⟨

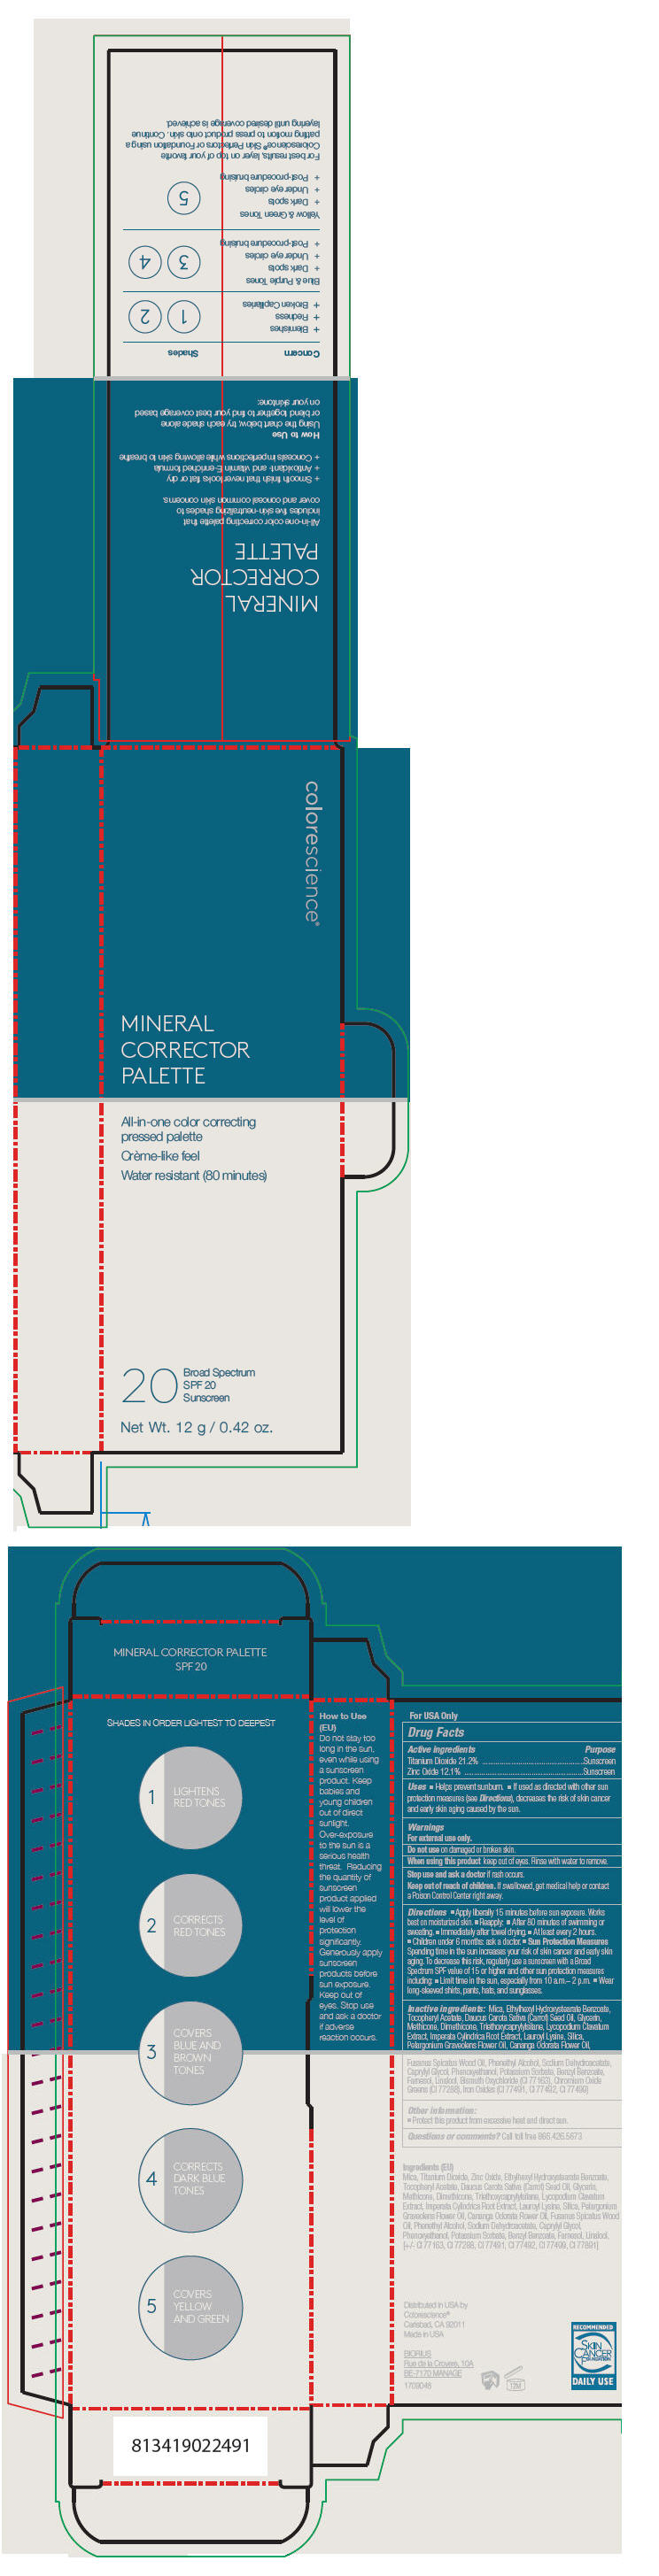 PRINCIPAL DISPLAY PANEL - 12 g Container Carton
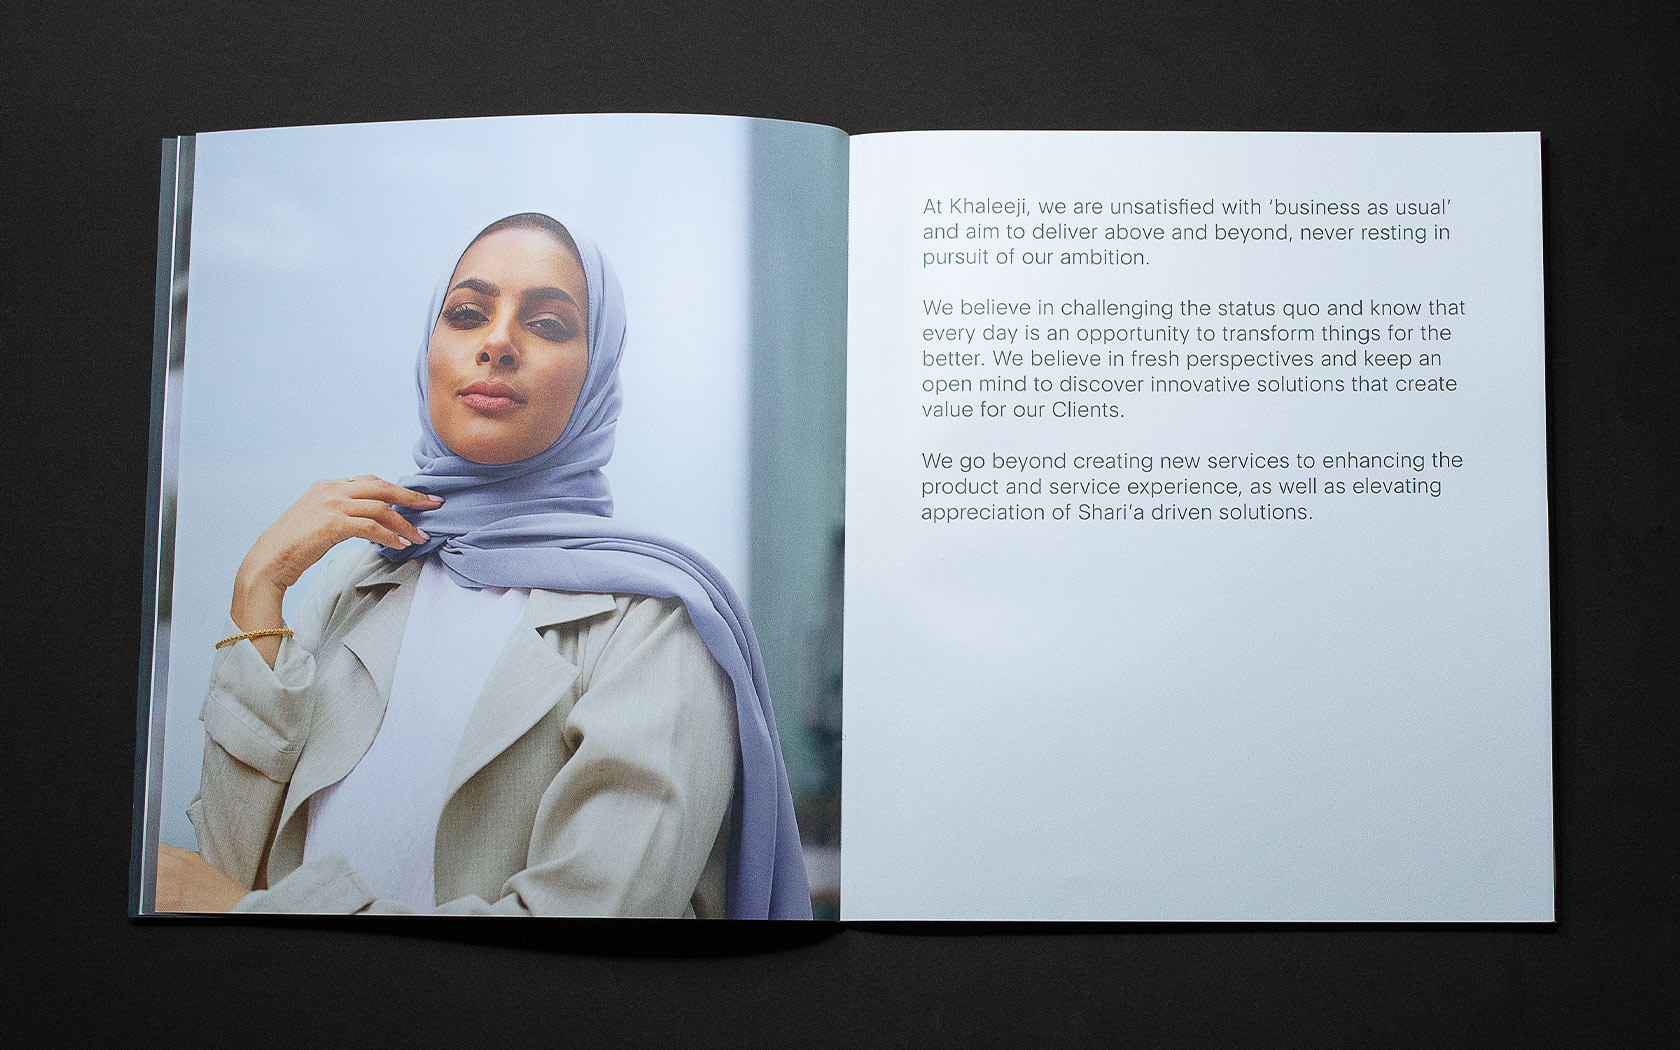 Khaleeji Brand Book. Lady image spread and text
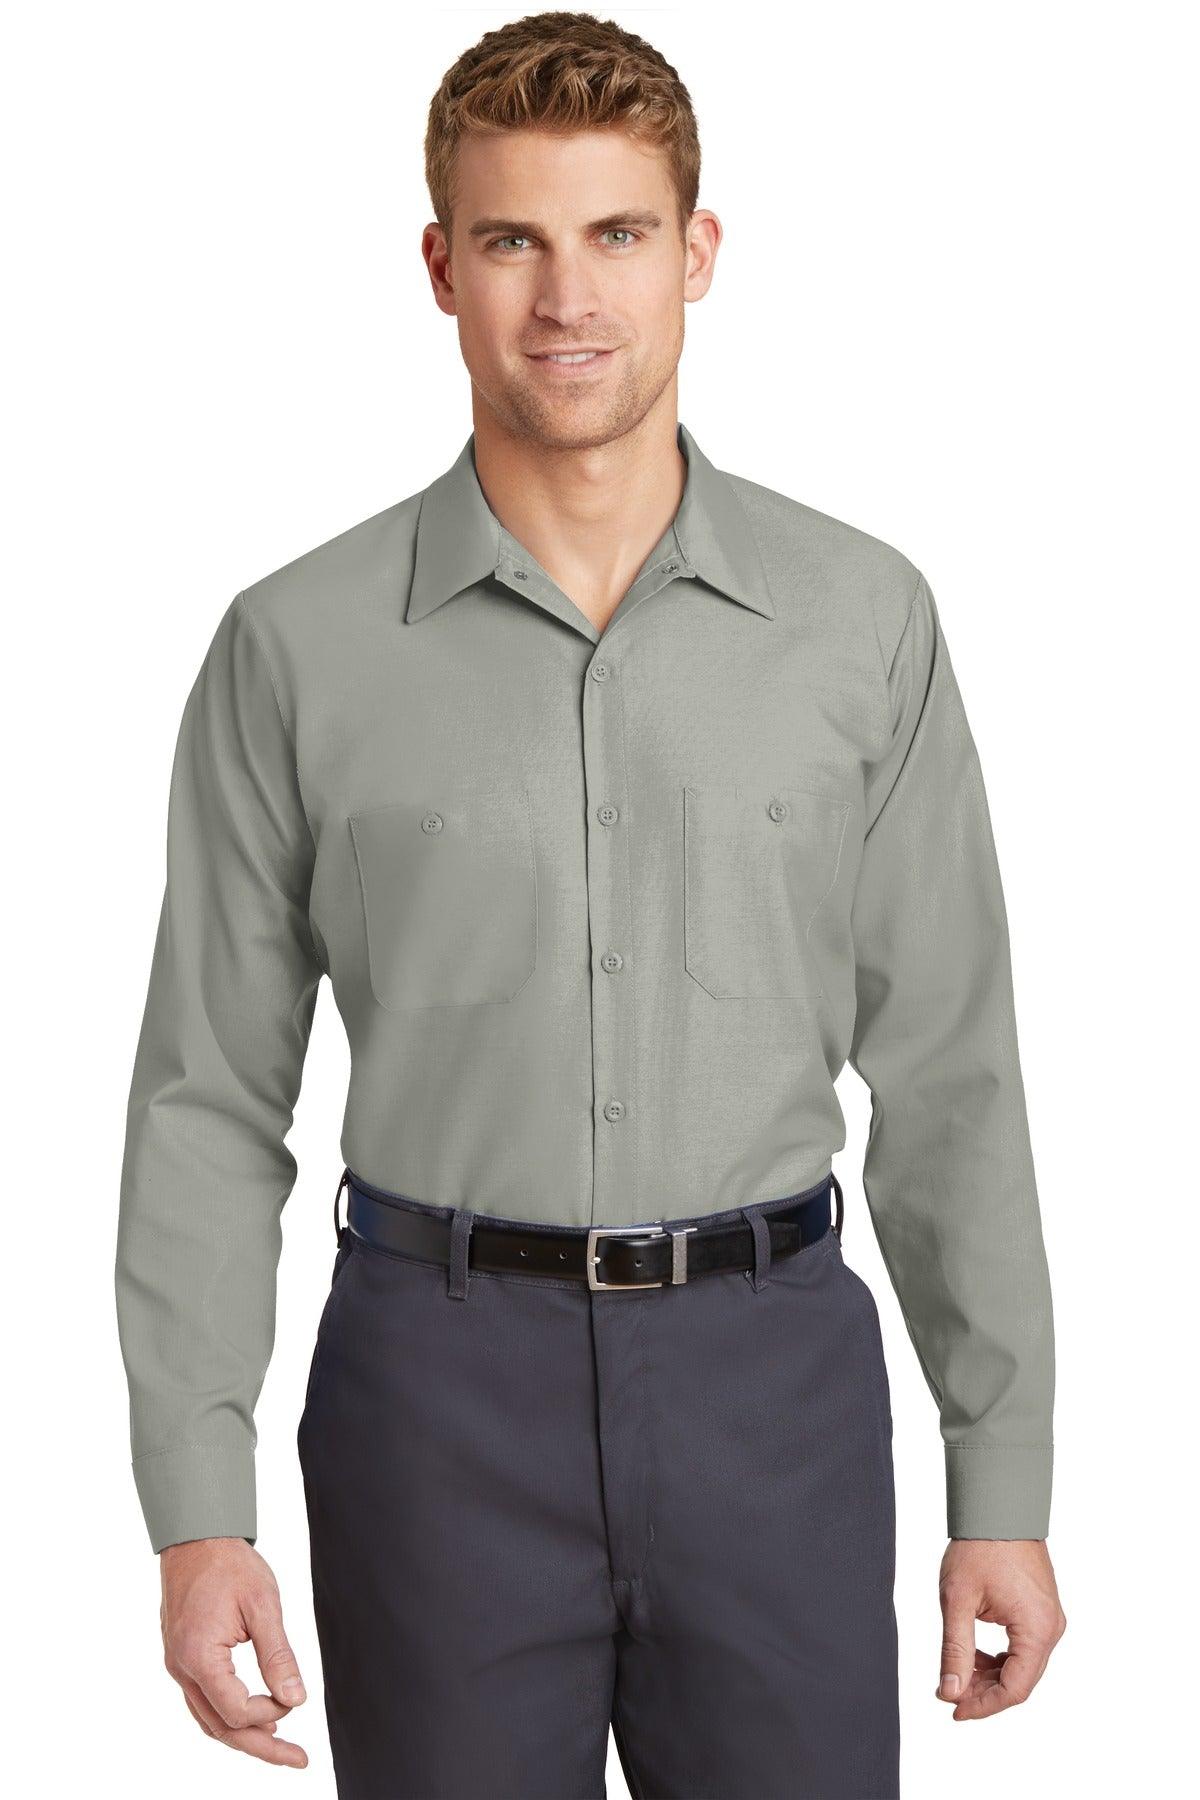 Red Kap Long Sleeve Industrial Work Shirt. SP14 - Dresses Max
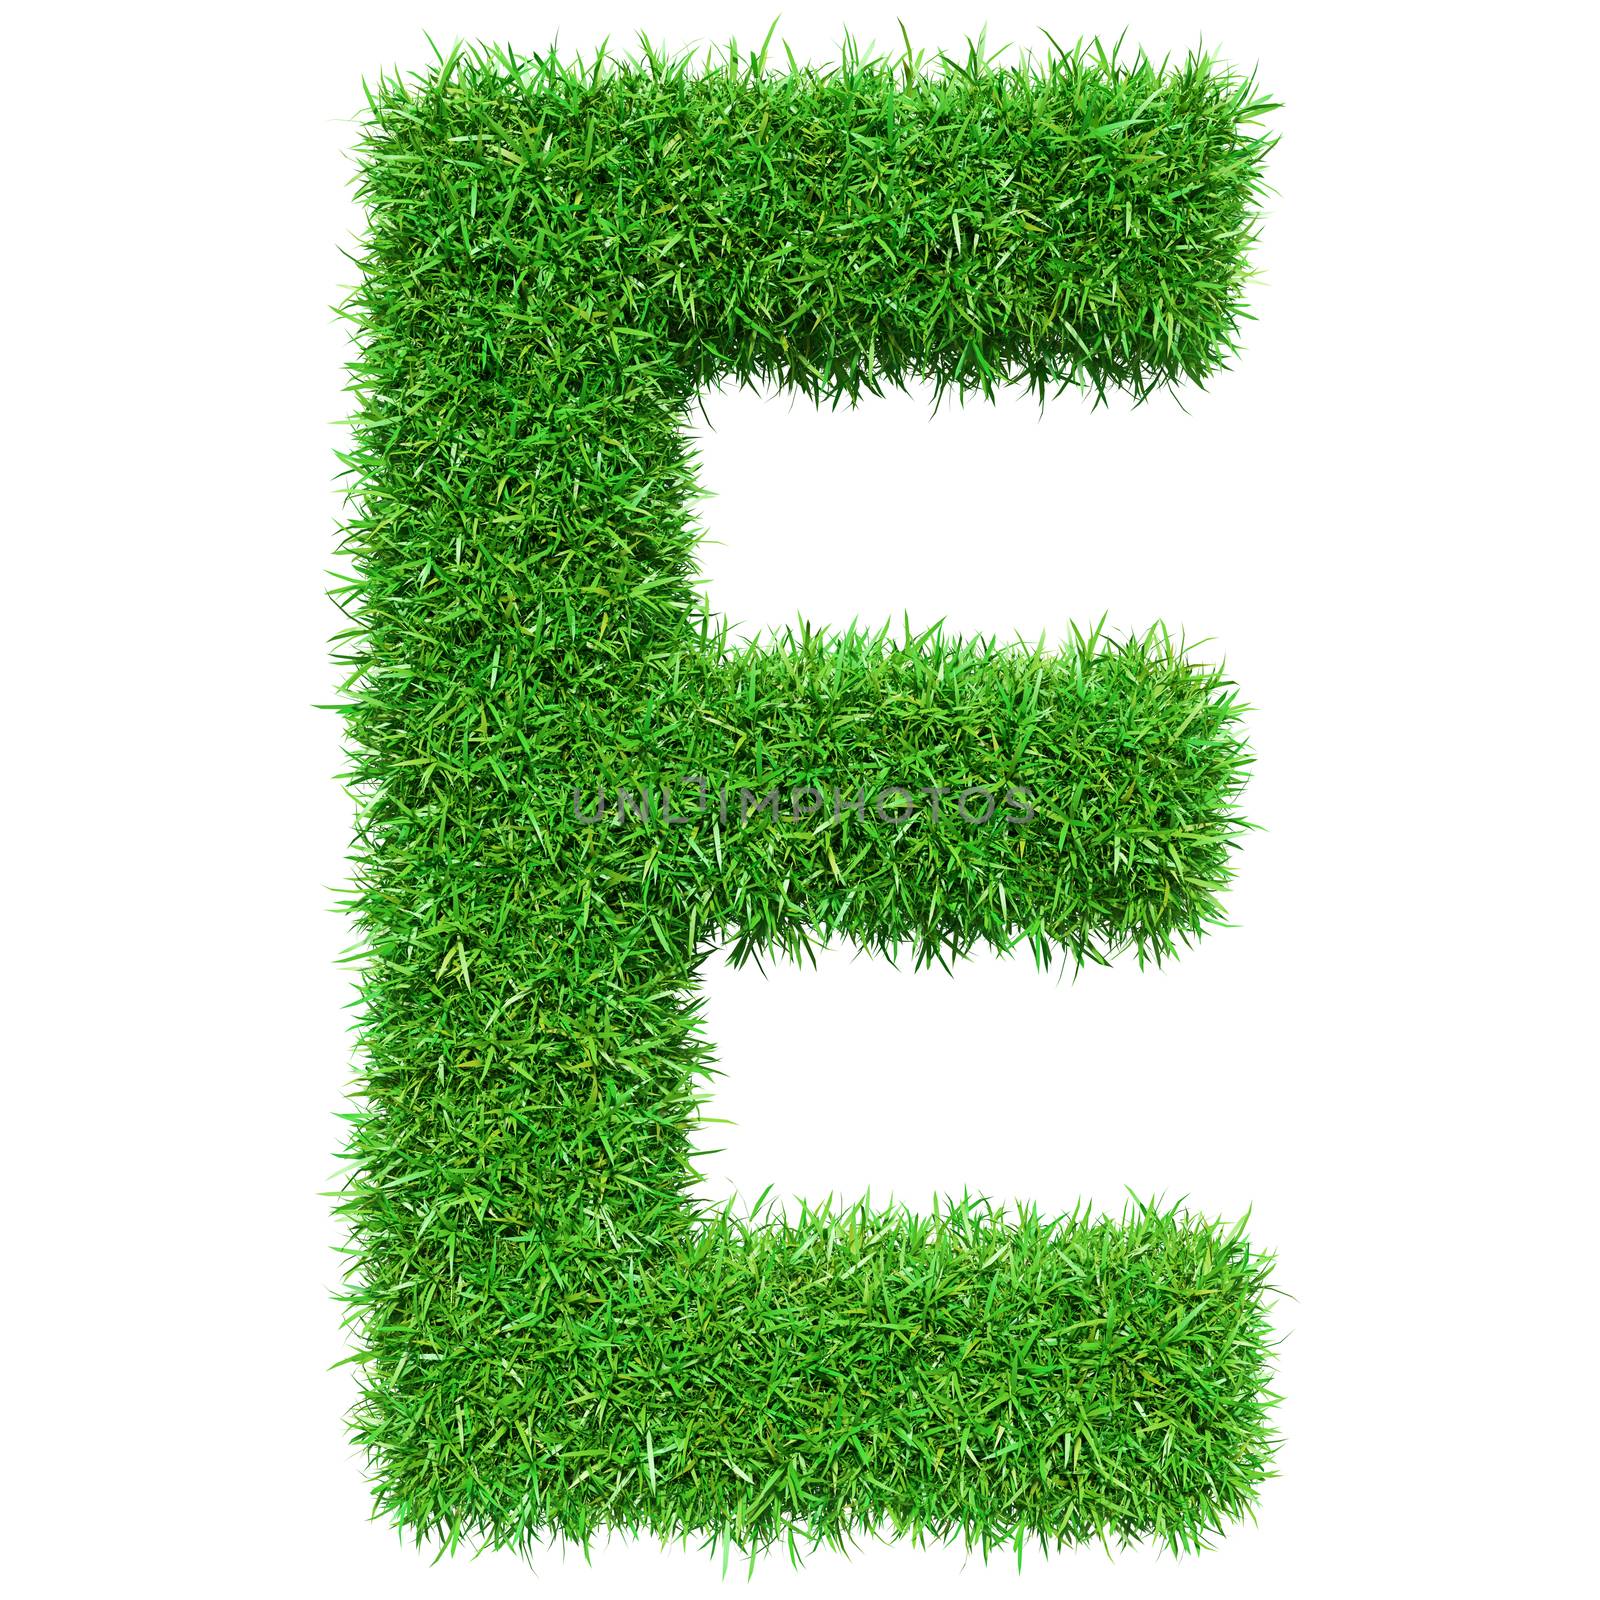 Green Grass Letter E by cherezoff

⟩

▶ _Instructions for the task_
From the material above, copy everything exactly but the pictures.

▶ _Written solution_
 PRINCIPAL DISPLAY PANEL - 12 g Container Carton
 Khaleeji Brand Book. Lady image spread and text
 Red Kap Long Sleeve Industrial Work Shirt. SP14 - Dresses Max
 Green Grass Letter E by cherezoff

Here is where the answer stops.